To: <Flowbench@aol.com>, <jon.the.wise@gmail.com>, <land-speed@autox.team.net>
Subject: RE: Fuel Injection Question
From: "Dave Dahlgren" <ddahlgren@snet.net>
Date: Wed, 25 May 2005 21:17:15 -0400
We must both be beginners Mike because i would have to agree with you
complely. Geez the older we get the more we start agreeing.. LOL 'll second
you on the charge air thing. As far asalky burning slow.It burns fast enough
to get the job done in a turbo cosworth indy engine that loafs along at 13k+
rpm

dave

> -----Original Message-----
> From: owner-land-speed@autox.team.net
> [mailto:owner-land-speed@autox.team.net]On Behalf Of Flowbench@aol.com
> Sent: Wednesday, May 25, 2005 12:21 PM
> To: jon.the.wise@gmail.com; land-speed@autox.team.net
> Subject: Re: Fuel Injection Question
>
>
> In a message dated 5/25/05 12:00:26 AM Pacific Daylight Time,
> jon.the.wise@gmail.com writes:
>
> > The reason that you need more to make equal power is
> > that it has a lower BTU rating, and you have to run closer to a 6-8:1
> > air:fuel ratio as opposed to a 12-14:1 air:fuel of gasoline (leaded or
> > not) to get the same burn. Alcohol also burns slower, which is why you
> > usually advance the timing 14 or so degrees further than you would
> > with gas.
>
>
> I'm not the best tuner in town but I've never found alky to make
> substantially more power than a good motor on gasoline.
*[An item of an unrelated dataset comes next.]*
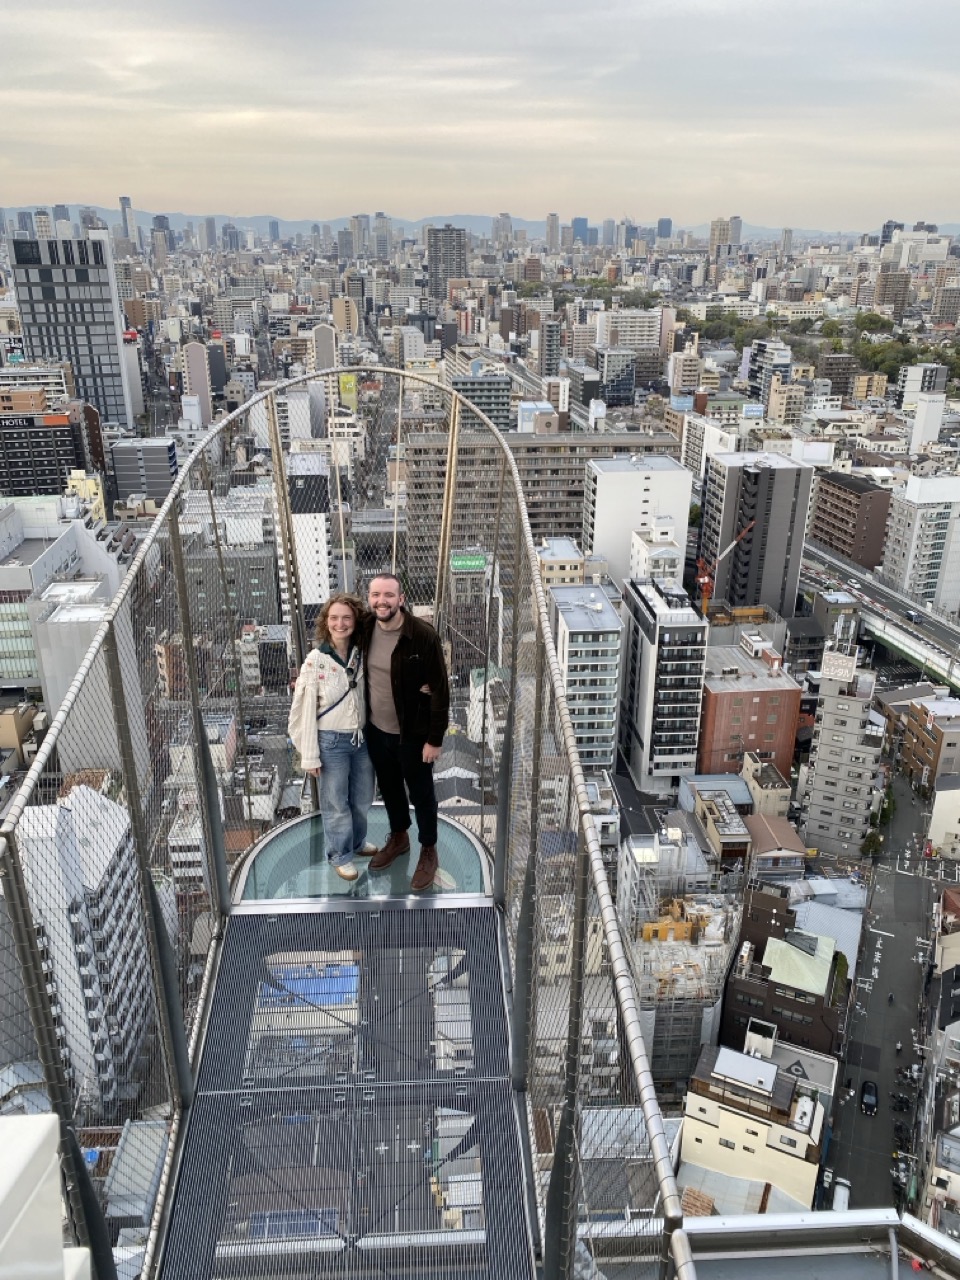 Me and Lucy at the top of the tower with a view of the city behind us

If using
> constant flow FI I run
> more pressure to get the atomization I would like to see, with a
> carb it's even
> for both alky & gas in HP. In days gone by you ran very high
> compression with
> alky, we do the same with today's gasoline. The latent heat of
> vaporization
> being the only benefit I've found. Of course this is only "my"
> view yours may
> differ, the record book speaks for itself.